Notes about the implementation:

  • Added db_current_time library method
  • Replaced all occurrences of Time.now in the api code base
  • I needed to update the asserts in log_test.rb (similar to those in application_controller_test).
  • Added a new test in avados_model_test that addresses #5450

#8 Updated by Brett Smith over 4 years ago

Reviewing 79a18f2e

I think we need some clarification on this story from Tom. I know the subject says "always retrieve current time from database," but the description talks about this in the context of setting database columns. In other contexts, I'm worried that can have undesirable consequences. Specifically:

  • Error tokens never go to the database, they're just generated, sent to the client, and logged for cross-referencing. If there's a problem connecting to the database, then trying to get token time from the database will raise a new exception, and prevent us from reporting that error. Instead, it will just become a generic 500 error.
  • For crunch-dispatch, we already know that we want to make this program a proper API client. When we do that, it won't be able to get time from the database anyway. I think sticking to Time.now here would help keep it more like a proper client, and ease the transition when we take it on. If that causes problems, we should find other fixes for them.
  • I have basically the same thoughts about the anonymous token script, but that's less pressing.
  • Request profiling is basically a debugging aid. Getting the timing right to this level of precision is not really necessary, and adds overhead to the request cycle.

Once that gets settled either way, I just have a couple small comments about the tests:

  • For the new test, it's theoretically possible that more than one Group could have the requested timestamp, which could cause the last assertion to fail. The test would be more robust if it asserted that results.map(&:uuid) included group.uuid.
  • Can you please explain a little more detail why the change to log_test was necessary? Converting the timestamps to UTC seems like a positive change, but converting them to integers loses all the subsecond precision, and it seems to me like the test would be more valuable if that was left in place.

Thanks.

#9 Updated by Radhika Chippada over 4 years ago

Brett said:

Error tokens never go to the database, they're just generated, sent to the client, and logged for cross-referencing. If there's a problem connecting to the database, then trying to get token time from the database will raise a new exception, and prevent us from reporting that error. Instead, it will just become a generic 500 error.
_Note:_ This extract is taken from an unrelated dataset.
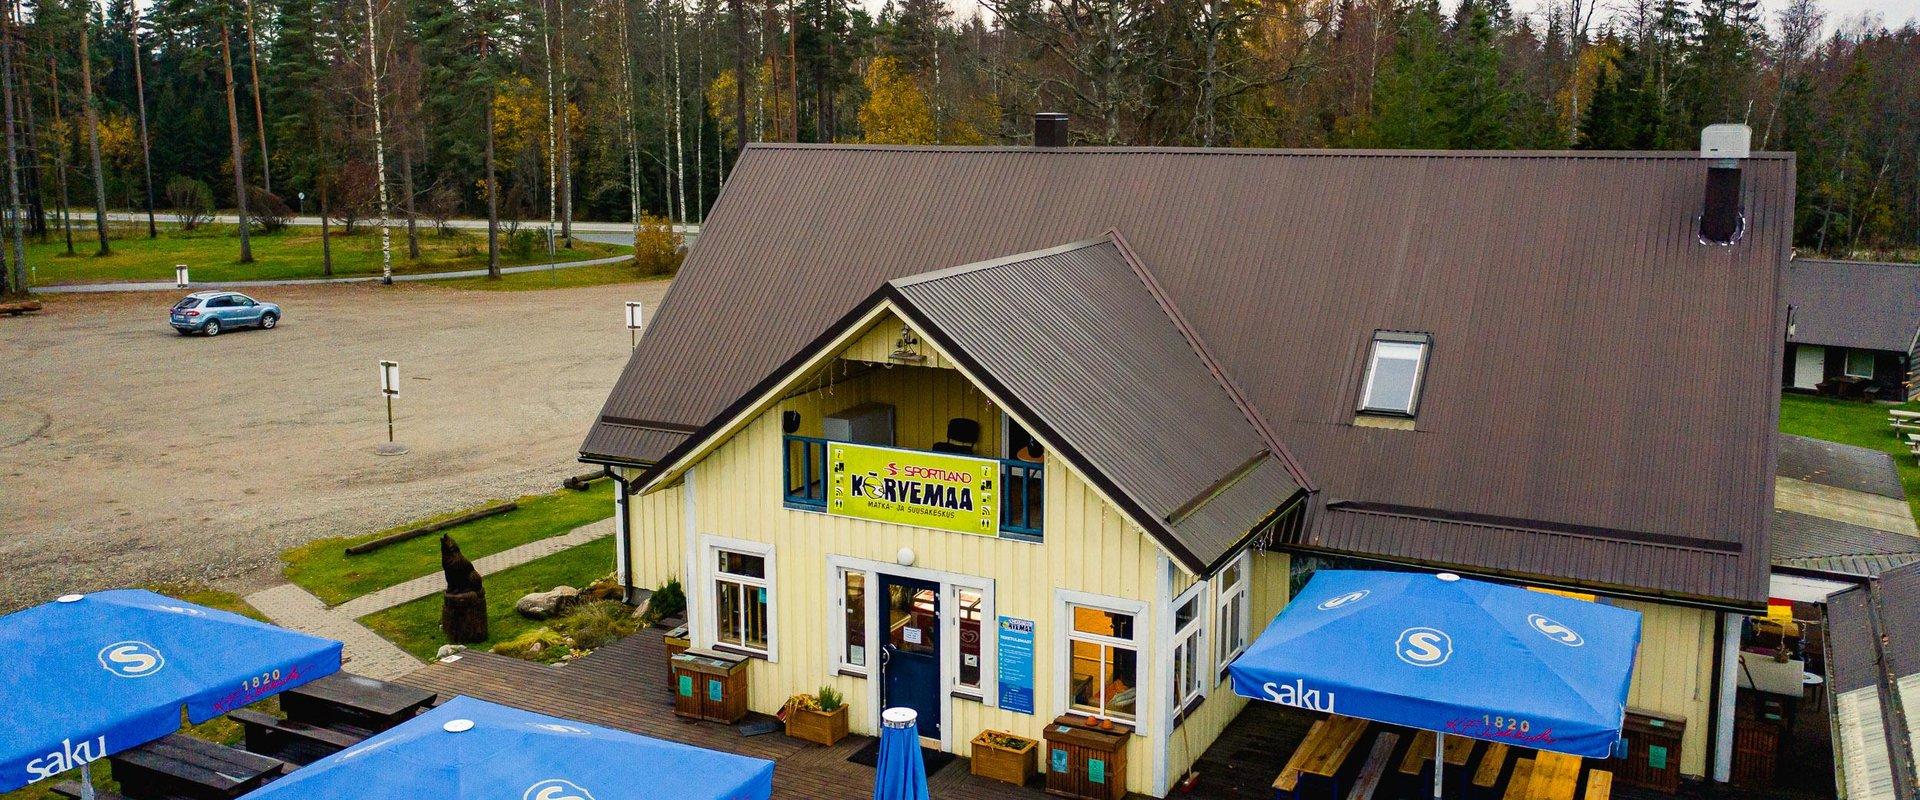 Sportland Kõrvemaa Matka- ja Suusakeskuse kohvik

Reverted this back to Time.now in application_controller.rb

For crunch-dispatch, we already know that we want to make this program a proper API client. When we do that, it won't be able to get time from the database anyway. I think sticking to Time.now here would help keep it more like a proper client, and ease the transition when we take it on. If that causes problems, we should find other fixes for them.

I have basically the same thoughts about the anonymous token script, but that's less pressing.

Reverted these two scripts + cancel_stale_jobs.rb back to Time.now(). Also reverted middlewares/arvados_api_token.rb. Please let me know if we want this to be using db current time in cancel_stale_jobs and arvados_api_token and I will put it back.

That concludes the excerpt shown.